Secondo l’ultimo rapportoCollegamento esterno della piattaforma intergovernativa sulla biodiversità e gli ecosistemi (IPBES), risalente al 2019, il 25% della fauna e della flora è minacciata e circa un milione di specie rischia attualmente l’estinzione.

La drammaticità della situazione ha spinto parte della comunità scientifica a descrivere quanto sta succedendo come la sesta estinzione di massa della storia del nostro pianeta. Questa volta non si può puntare il dito contro un asteroide o una glaciazione. A provocarla è l’attività di una specie in particolare: l’essere umano.

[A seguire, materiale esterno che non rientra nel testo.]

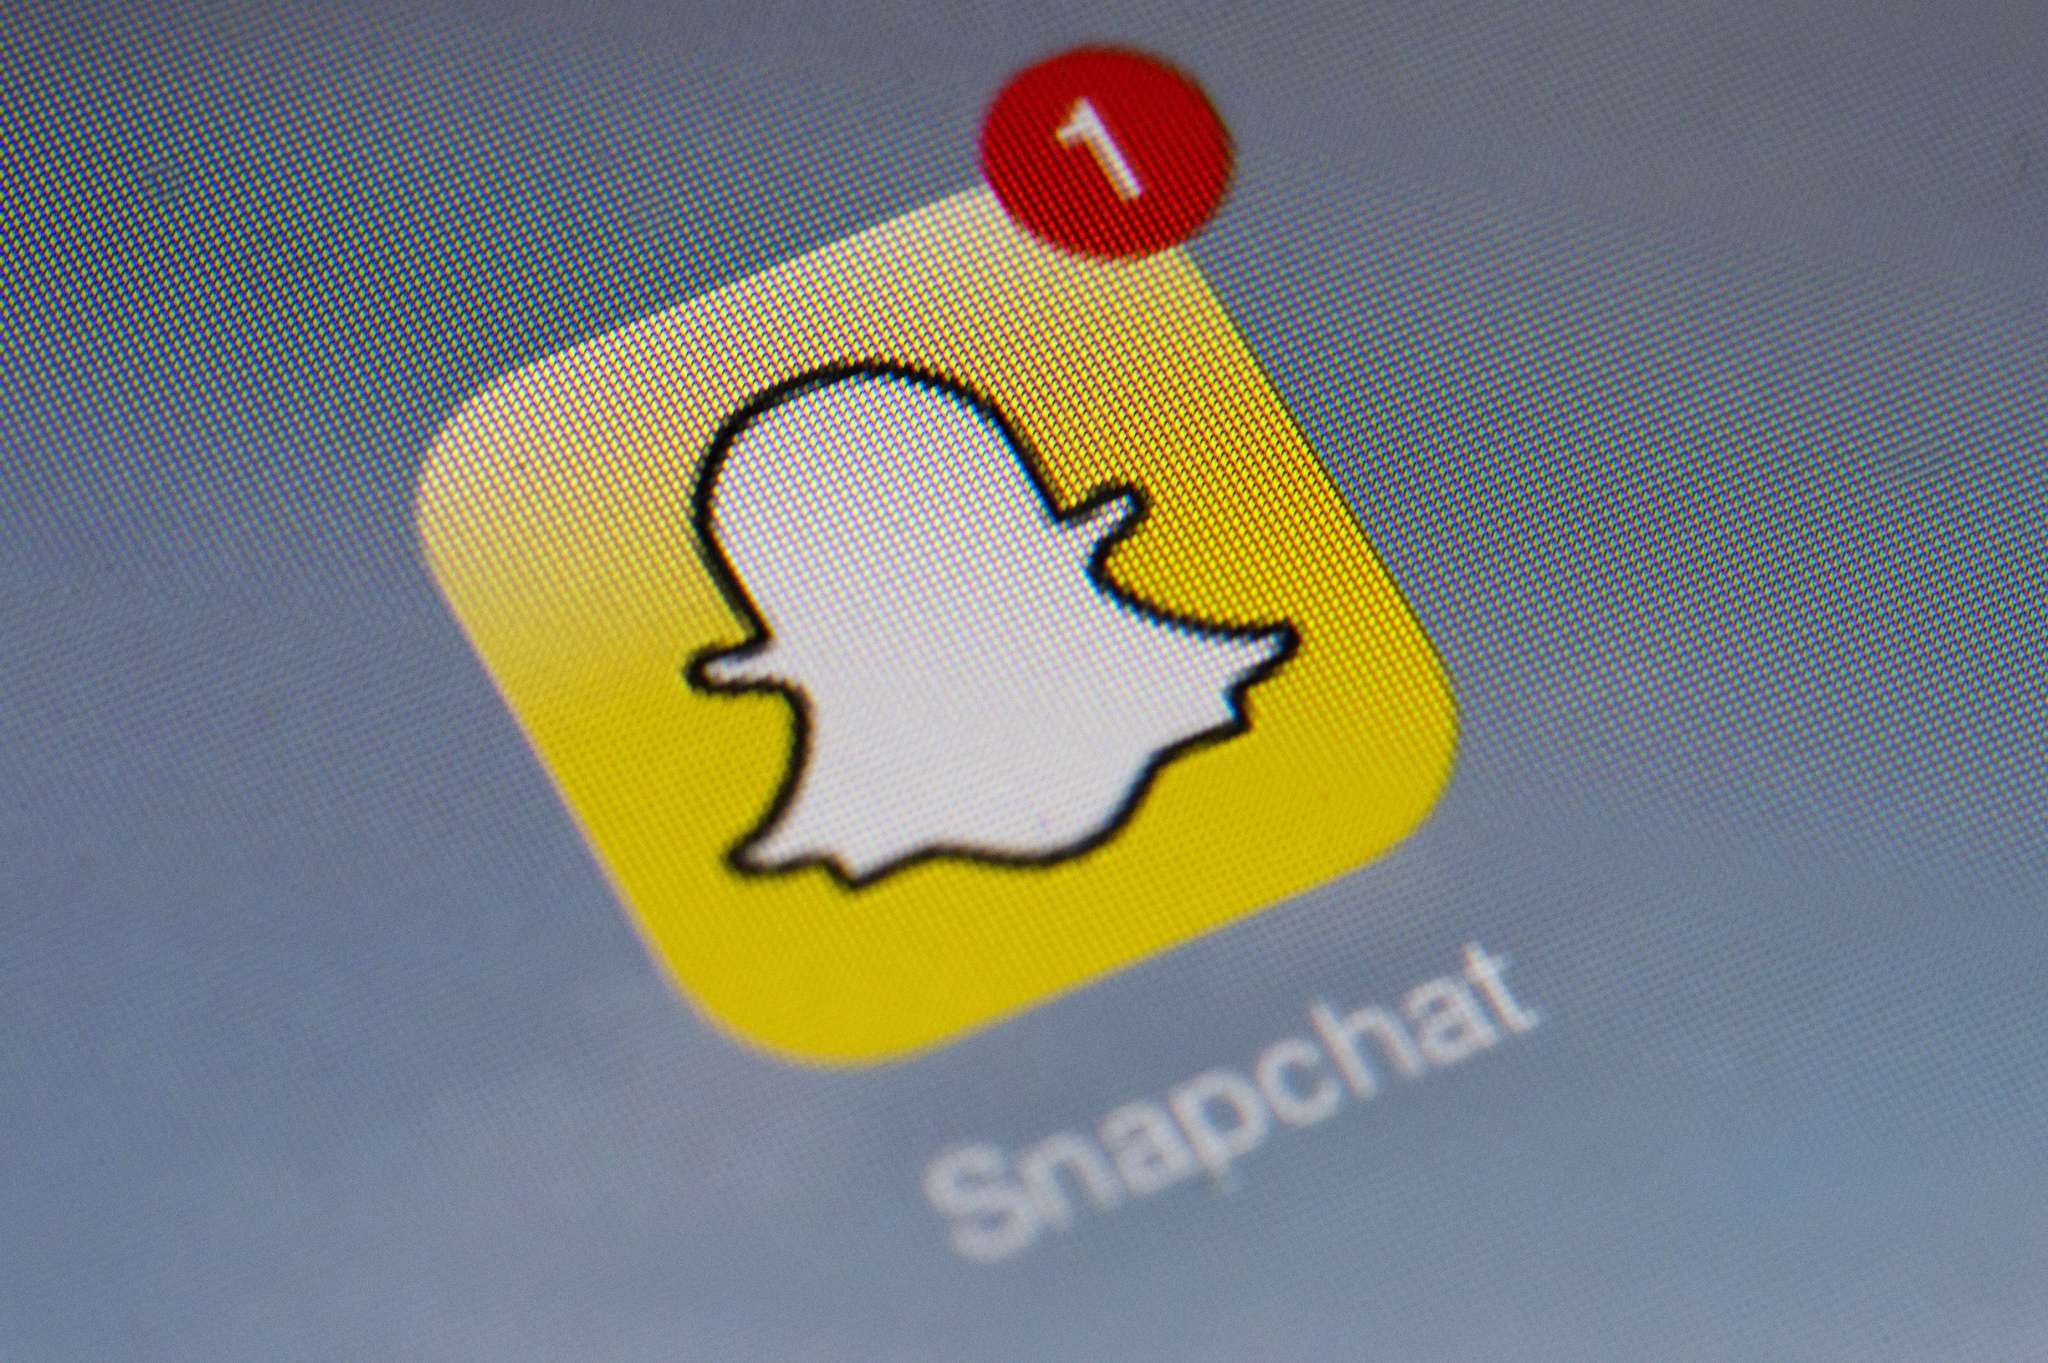 An application security expert says it scrutinises Snapchat's claim that its servers 'were never breached'

Nel bene o nel male, l’Homo sapiens ha la facoltà di rendersi conto di quanto sta accadendo e la capacità di fare qualcosa al riguardo.  Il prossimo importante tentativo verrà intrapreso in occasione della 15esima Conferenza delle parti delle Nazioni Unite sulla biodiversità (COP15), che si terrà dal 7 al 19 dicembre a Montreal, in Canada.

La speranza è che, alla fine del summit, verrà sottoscritto uno storico accordo per fermare il declino della biodiversità entro il 2030 e ripristinarla entro il 2050 (vedi riquadro).

I principali obiettivi previsti nella bozza dell’accordo quadro

Per poter “vivere in armonia con la natura” entro il 2050, l’accordo prevede 21 obiettivi da raggiungere entro il 2030. Eccone alcuni:

  • Garantire che, a livello globale, almeno il 30% delle aree terrestri e marine, soprattutto le aree di particolare importanza per la biodiversità, siano conservate attraverso sistemi di aree protette gestite in modo efficace ed equo, ecologicamente rappresentative e ben collegate.
  • Prevenire o ridurre del 50% il tasso di introduzione e insediamento di specie esotiche invasive e controllare o eradicare tali specie per eliminarne o ridurne l’impatto.
  • Ridurre di almeno la metà i nutrienti (fertilizzanti) dispersi nell’ambiente, di almeno due terzi i pesticidi ed eliminare lo scarico dei rifiuti plastici.
  • Utilizzare approcci basati sugli ecosistemi per contribuire alla mitigazione e all’adattamento ai cambiamenti climatici, contribuendo alla mitigazione per almeno 10 gigatonnellate di CO2e all’anno; e garantire che tutti gli sforzi di mitigazione e adattamento evitino impatti negativi sulla biodiversità.
  • Riorientare, riconvertire, riformare o eliminare gli incentivi dannosi per la biodiversità in modo giusto ed equo, riducendoli di almeno 500 miliardi di dollari all’anno.
  • Aumentare le risorse finanziarie da tutte le fonti fino ad almeno 200 miliardi di dollari all’anno, comprese risorse finanziarie nuove, aggiuntive ed efficaci, aumentando di almeno 10 miliardi di dollari all’anno i flussi finanziari internazionali verso i Paesi in via di sviluppo.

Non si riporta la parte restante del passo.